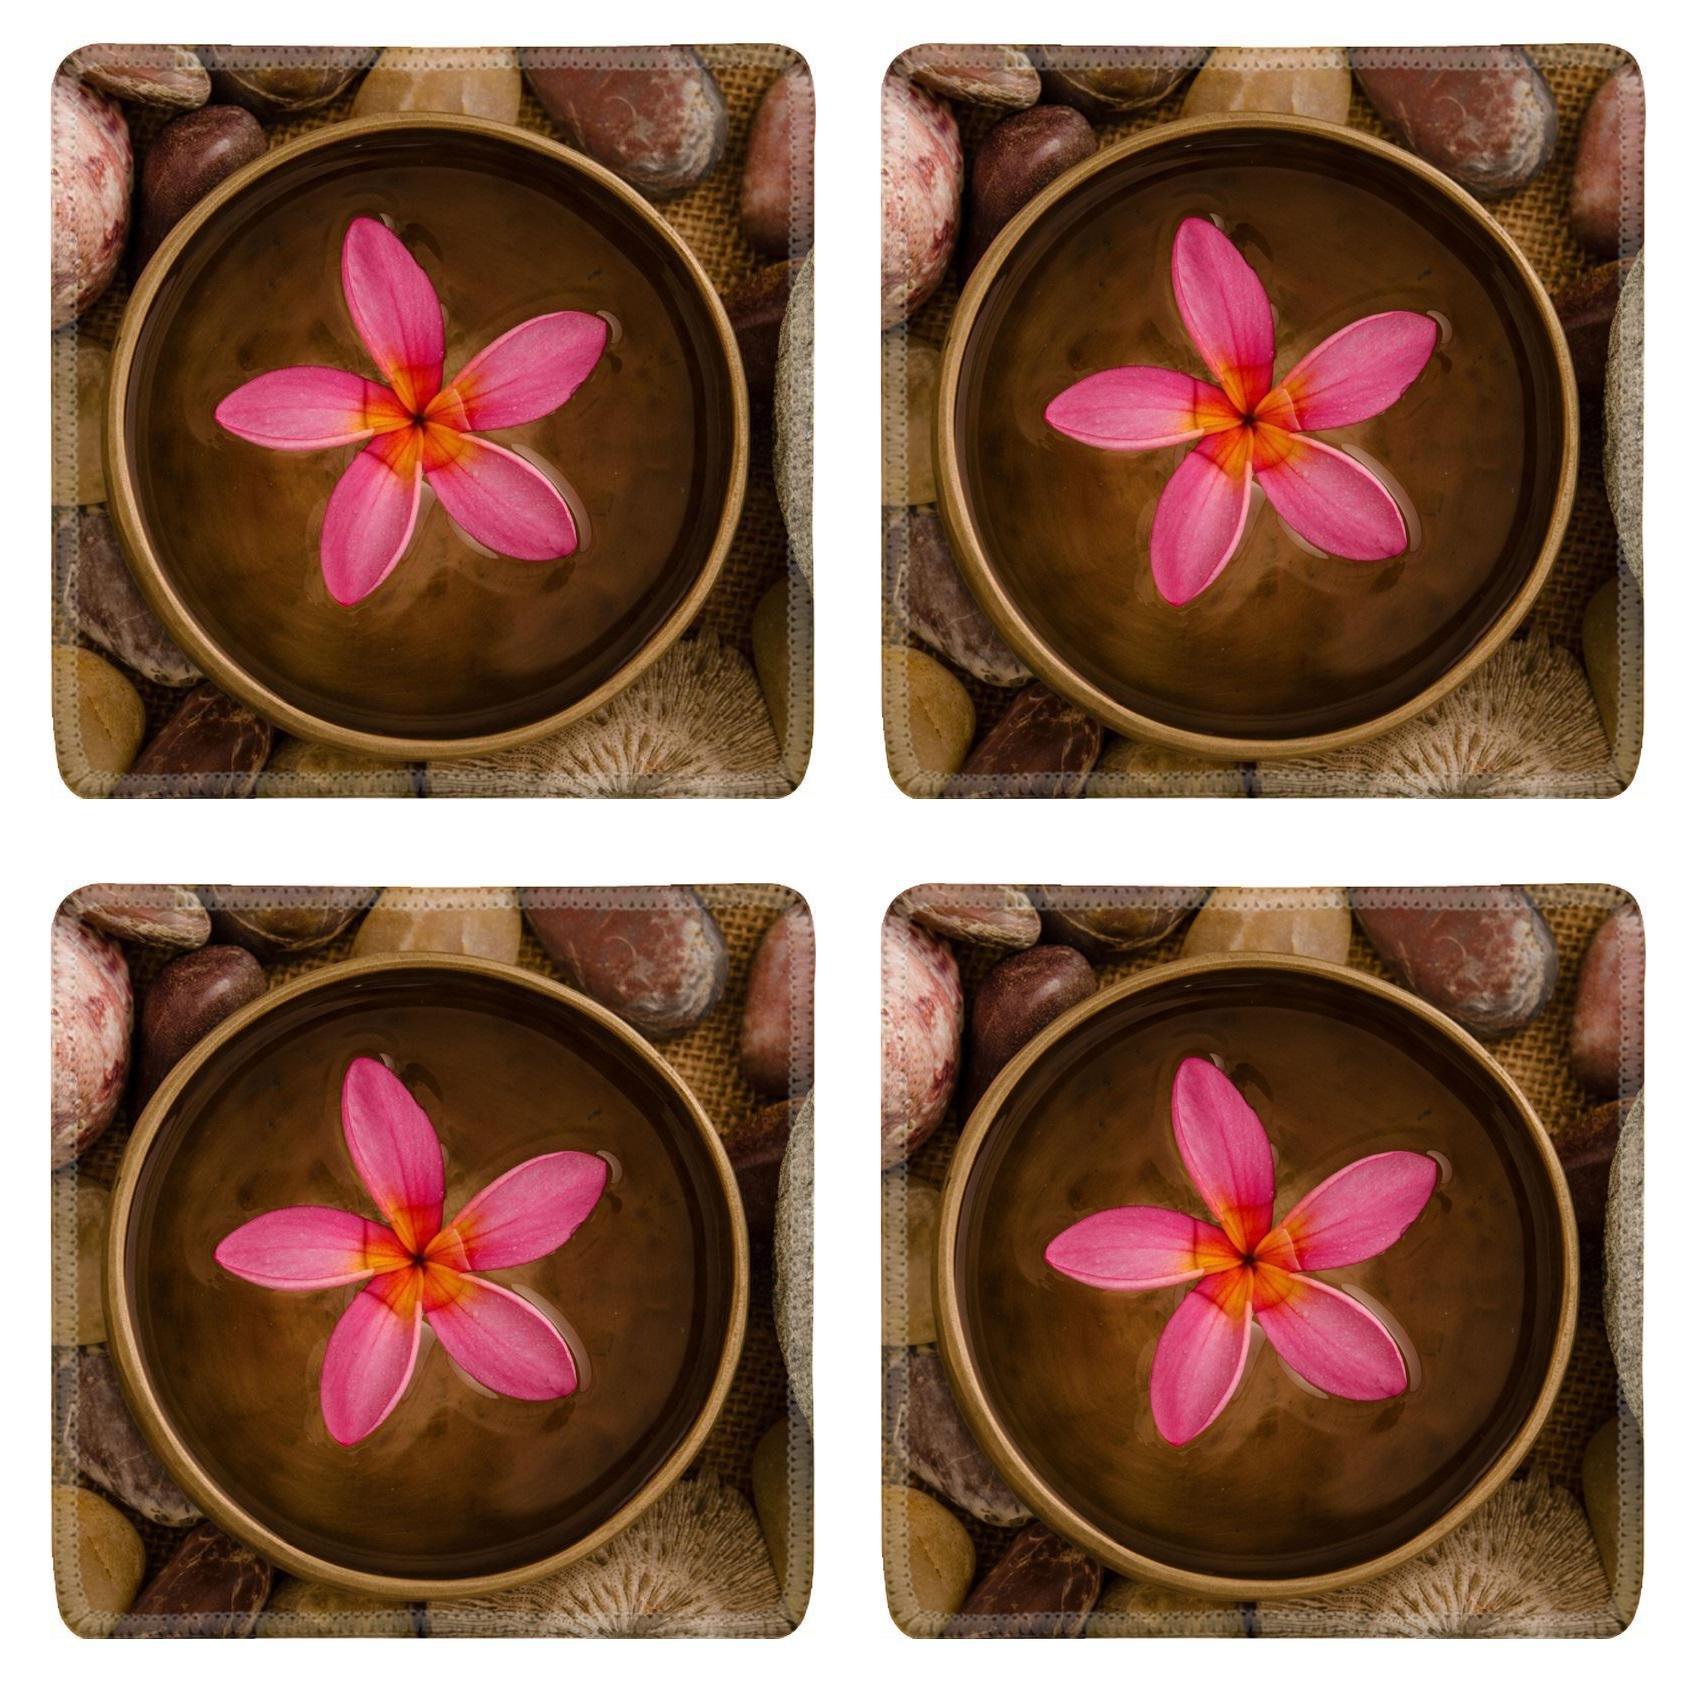 MSD Square Coasters Non-Slip Natural Rubber Desk Coasters design 20619993 frangipani spa concept photo lowlight ambient spa shallow dof by MSD (Image #1)
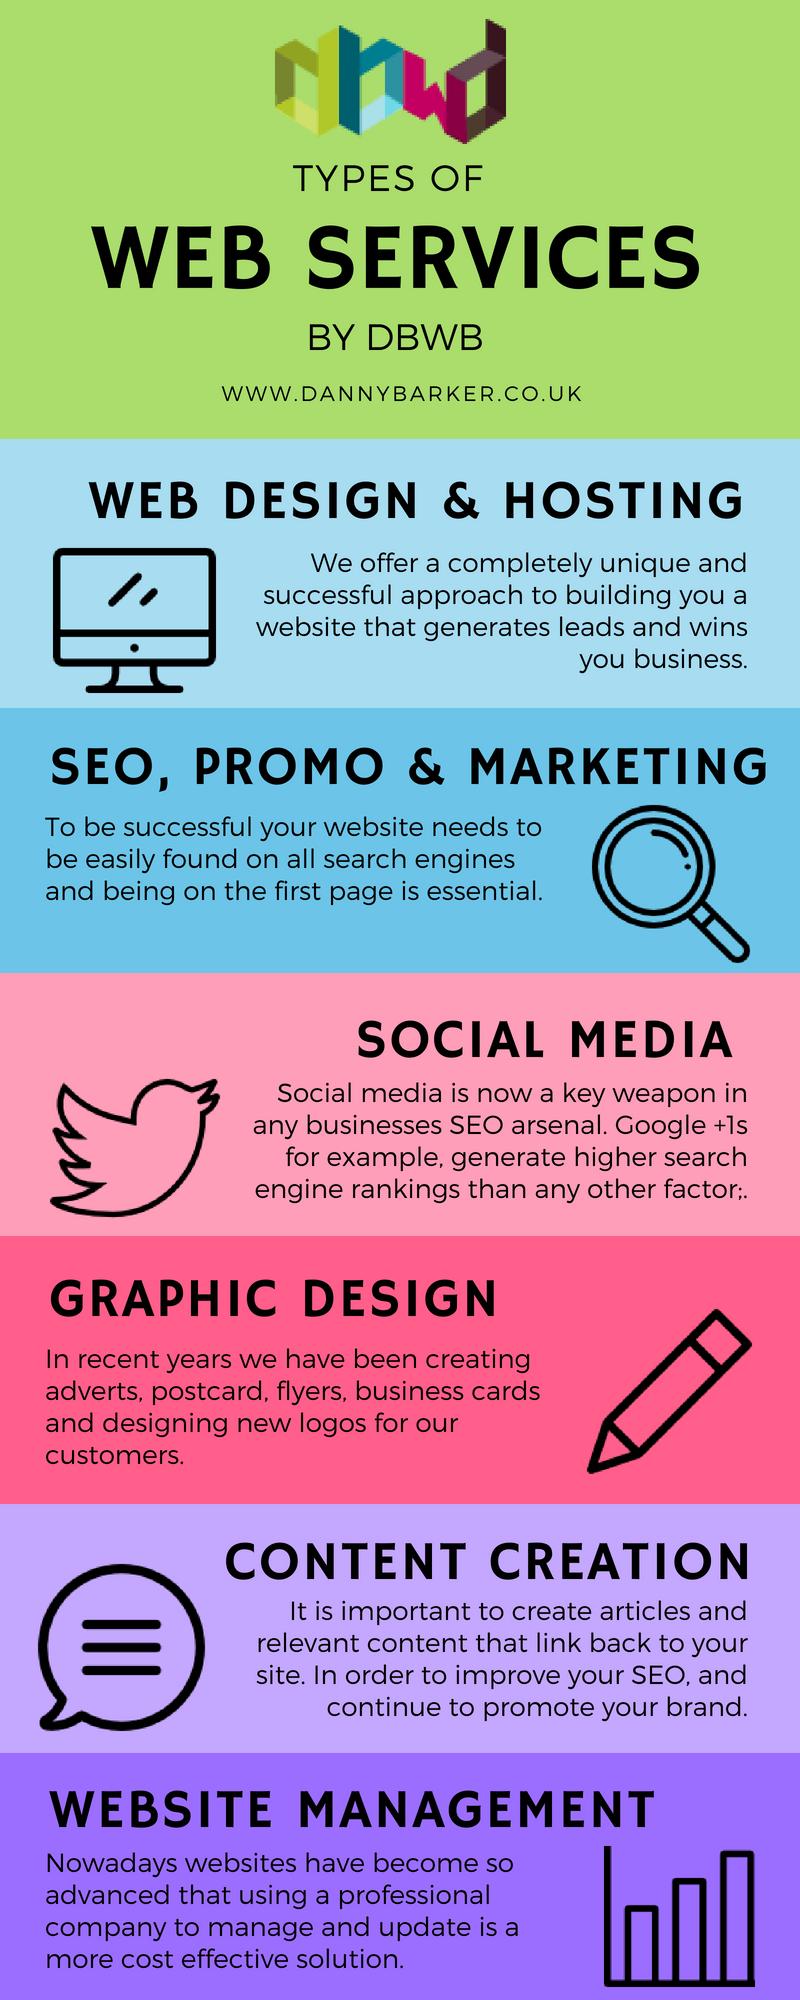 web-services-types-infographic-lkrllc
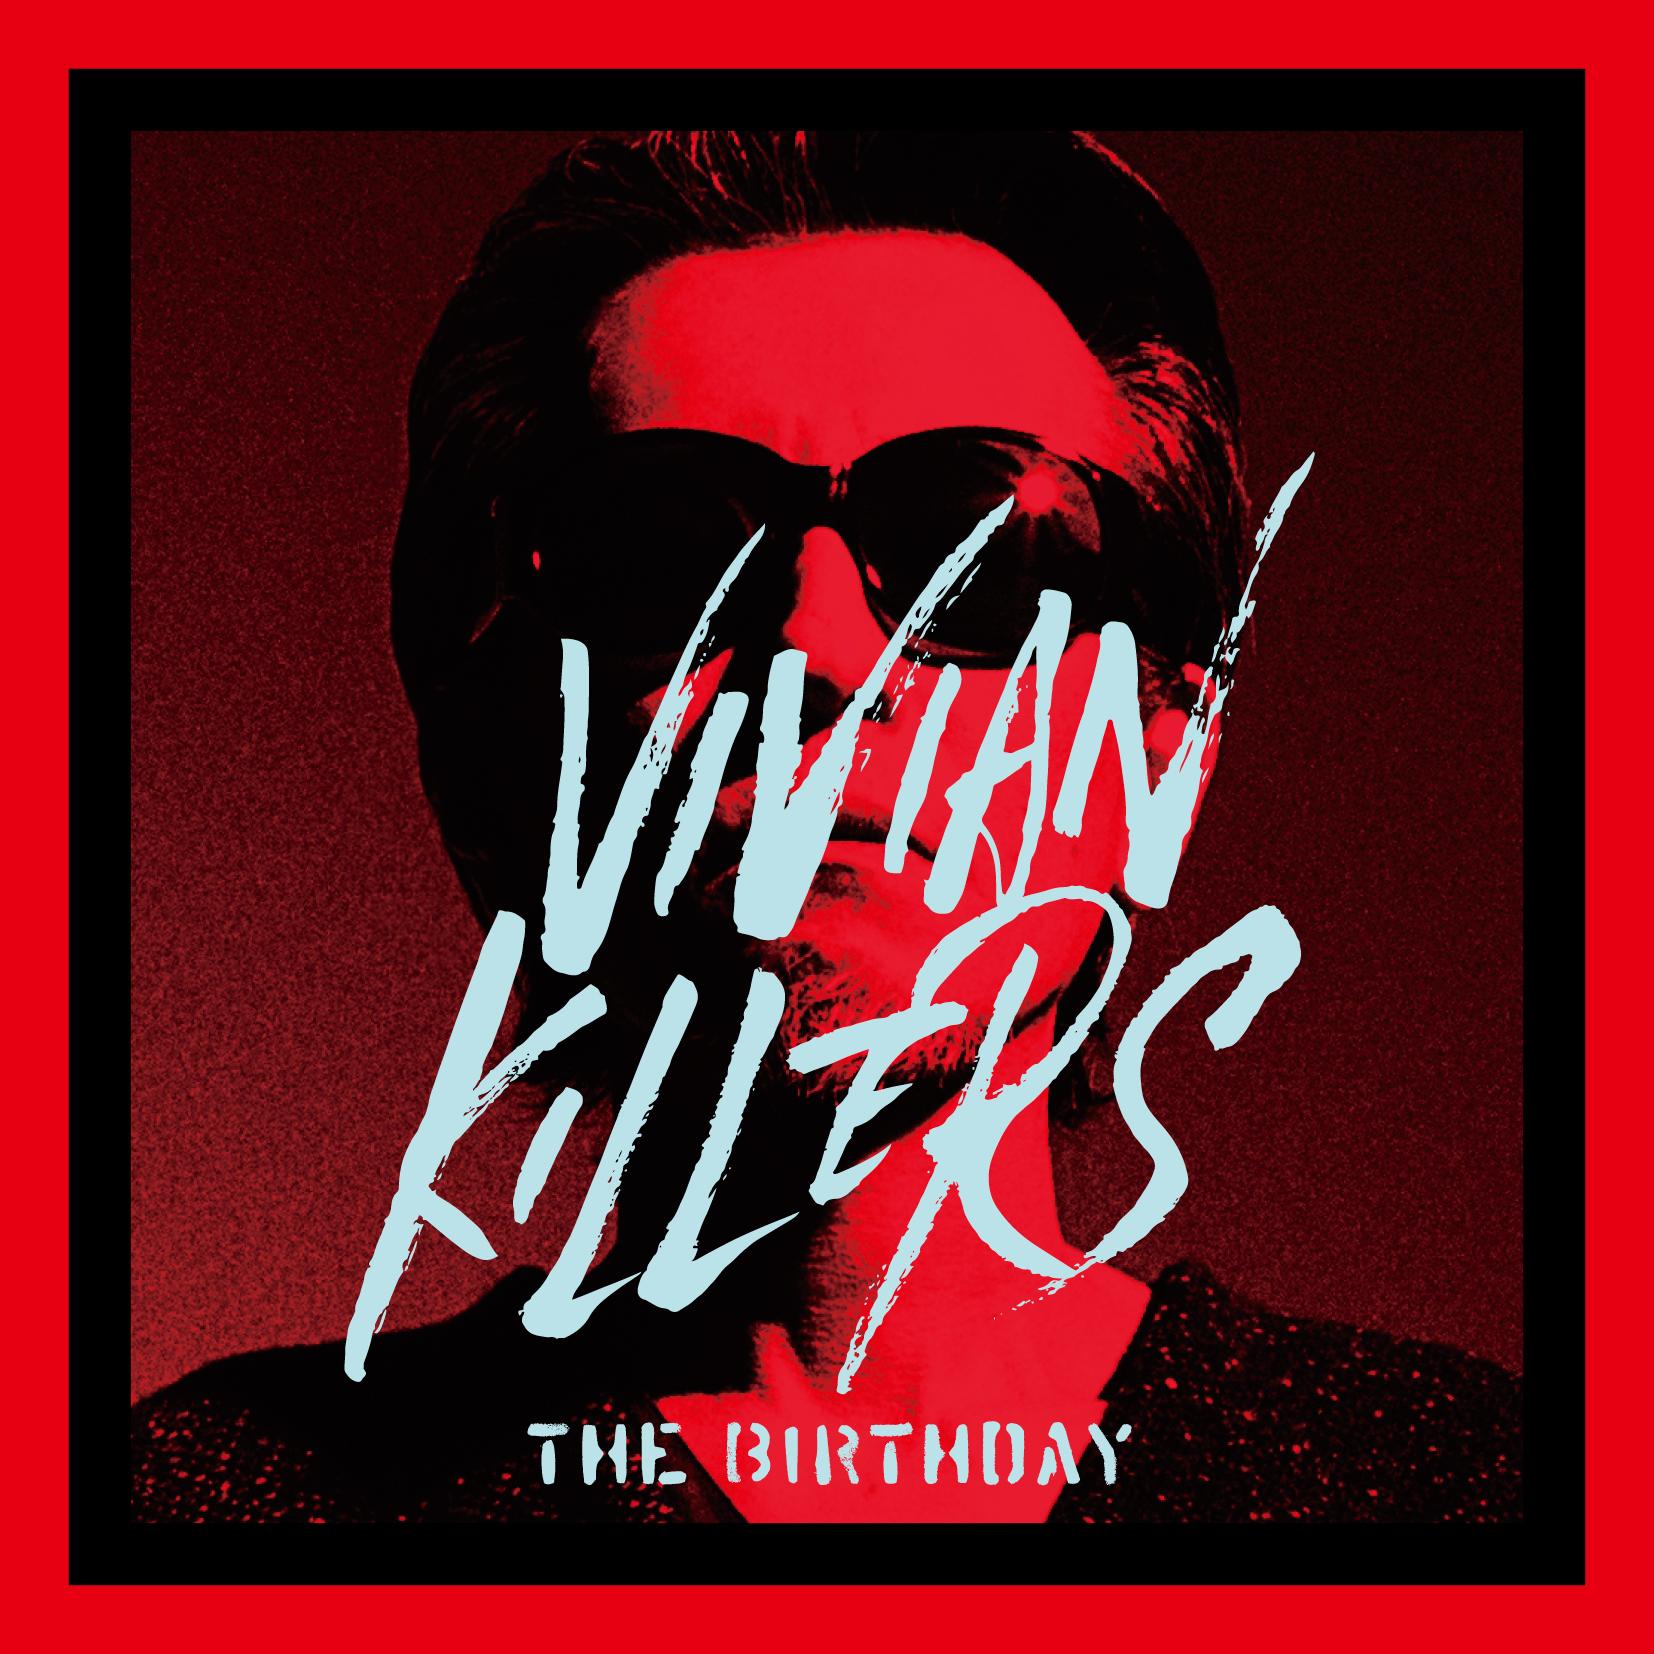 006_VIVIAN KILLERS

──────────────────────────────

> [Work order]:
Omitting the pictures, write out the material above exactly as it stands.

> [Your response]:
 MSD Square Coasters Non-Slip Natural Rubber Desk Coasters design 20619993 frangipani spa concept photo lowlight ambient spa shallow dof by MSD (Image #1)
 web-services-types-infographic-lkrllc
 006_VIVIAN KILLERS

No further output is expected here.